Cisco UCS Manager Software Stored Cross-Site Scripting Vulnerability
TL;DR 📌
A stored cross-site scripting (XSS) vulnerability has been identified in Cisco UCS Manager Software, allowing authenticated attackers to inject malicious scripts. This could lead to unauthorized access to sensitive information. The highest CVSS score is 5.4, indicating a medium severity risk. No workarounds are available, but Cisco has released fixed software versions.
What happened 🕵️♂️
A vulnerability in the web-based management interface of Cisco UCS Manager Software allows an authenticated, remote attacker to conduct a stored cross-site scripting (XSS) attack. This vulnerability arises from insufficient validation of user-supplied input, enabling attackers to inject malicious data into specific pages. Successful exploitation could allow attackers to execute arbitrary scripts or access sensitive browser-based information. To exploit this vulnerability, the attacker must hold an Administrator or AAA Administrator role.
Affected products 🖥️
The following Cisco products are affected if they are running Cisco UCS Manager Software:
- UCS 6300 Series Fabric Interconnects
- UCS 6400 Series Fabric Interconnects
- UCS 6500 Series Fabric Interconnects
- UCS X-Series Direct Fabric Interconnect 9108 100G
Fixed software 🔧
Upgrade to the first fixed release in your train (or later):
| Release / Product | First Fixed Release | Notes |
|---|---|---|
| 4.1 and earlier | Migrate to a fixed release. | |
| 4.2 | 4.2(3p) | |
| 4.3 | 4.3(6a) | |
| 6.0 | Not vulnerable. | |
| 1.0 | Initial public release. | |
| Cisco UCS Software | 4.2(3p) | 4.1 and earlier |
| Cisco UCS Software | 4.3(6a) | 4.3 |
Workarounds 🧯
There are no workarounds available to address this vulnerability.
Risk in context 🎯
With a CVSS score of 5.4, this vulnerability is rated as medium severity. The risk is primarily driven by the requirement for authenticated access, limiting exposure to users with Administrator roles. However, the potential for sensitive information exposure remains a concern. Organizations should prioritize patching to mitigate this risk.
Fast facts ⚡
- Vulnerability Type: Stored Cross-Site Scripting (XSS)
- CVSS Score: 5.4 (Medium)
- Exploitation: Requires authenticated access (Administrator role)

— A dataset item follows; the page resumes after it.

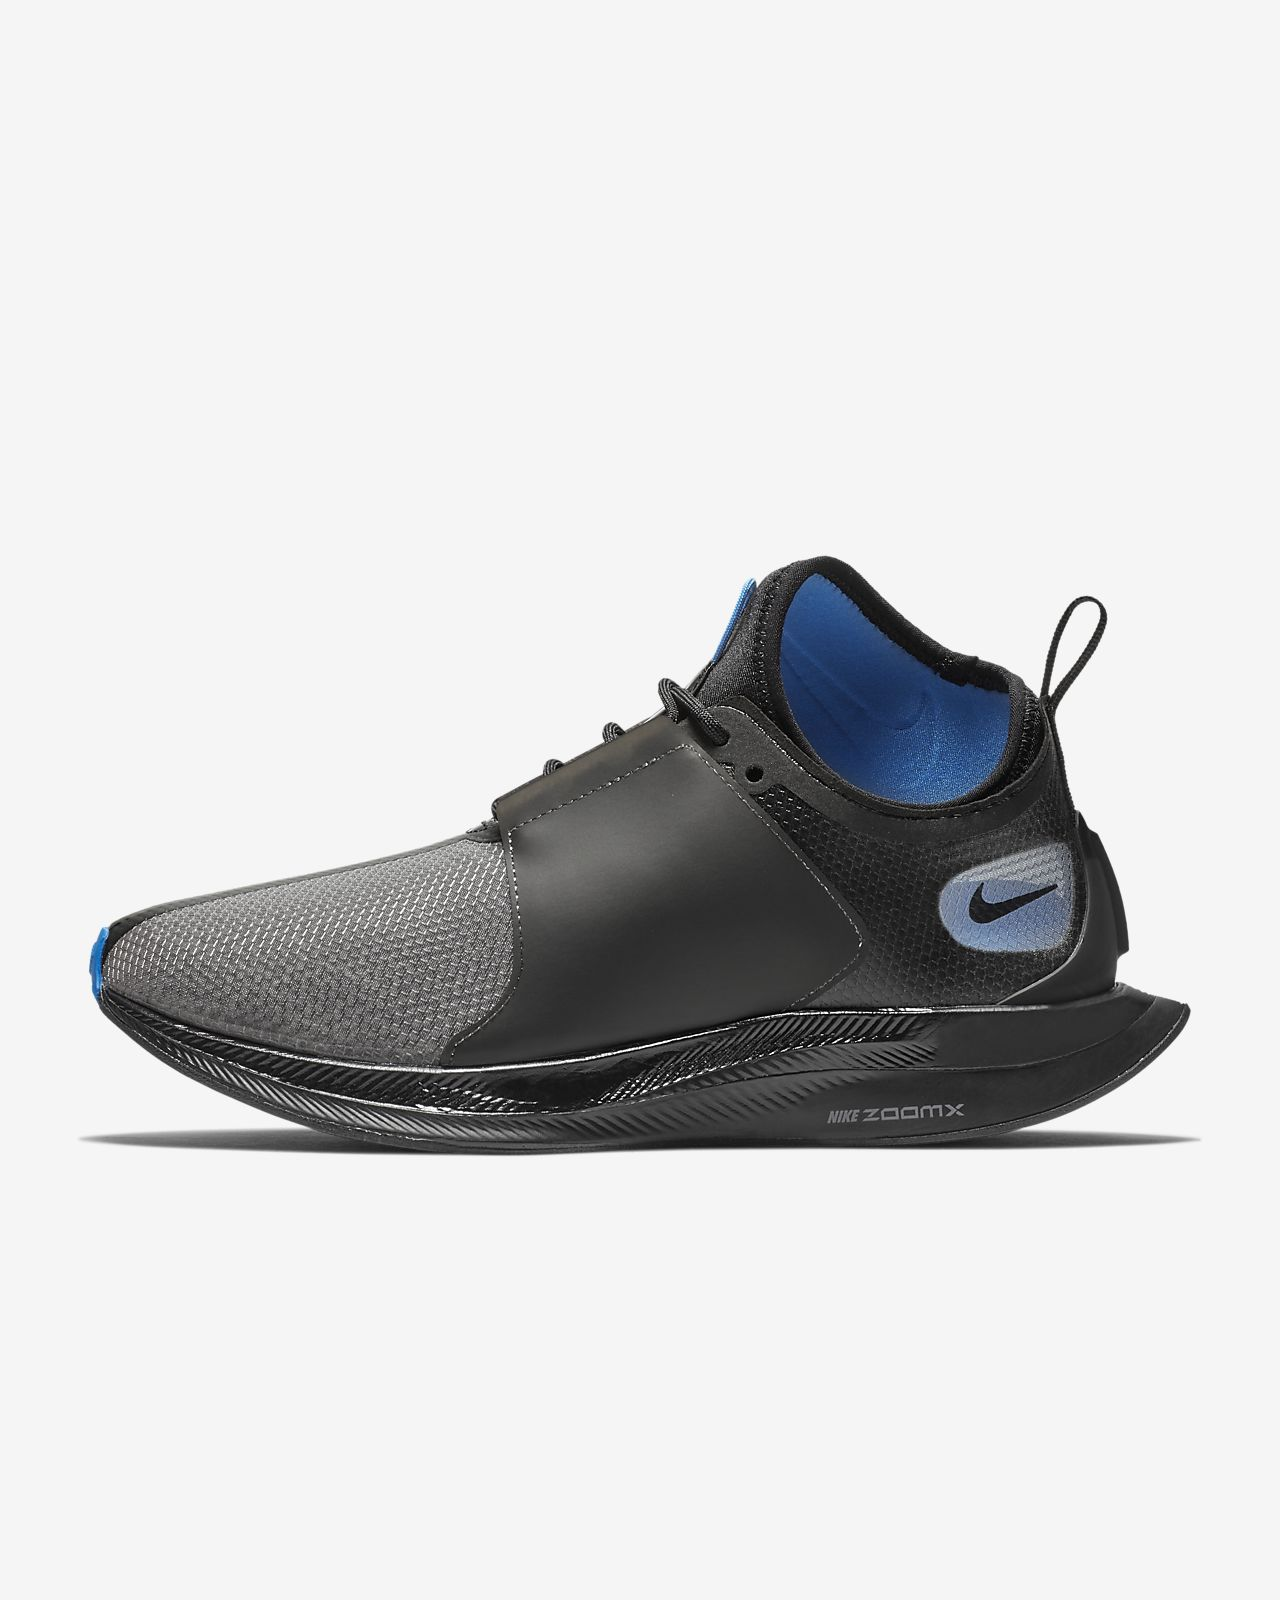 super popular 487b9 f45c2 Nike Zoom Pegasus Turbo XX Women's Running Shoe

- Workarounds: None available
- Fixed Software: Available for specific releases
For leadership 🧭
This vulnerability presents a medium risk to our organization, given its CVSS score of 5.4. The exposure is limited to authenticated users with Administrator roles, which reduces the likelihood of exploitation but does not eliminate it. Immediate remediation is necessary, with a recommendation to patch within 7 days, as no workarounds exist.
Operational impact is expected to be minimal, with a brief maintenance window required for the updates, and no configuration drift anticipated.
Now: Review affected systems and prepare for patching.
Next: Implement the necessary software updates.
Later: Monitor for any unusual activity related to this vulnerability.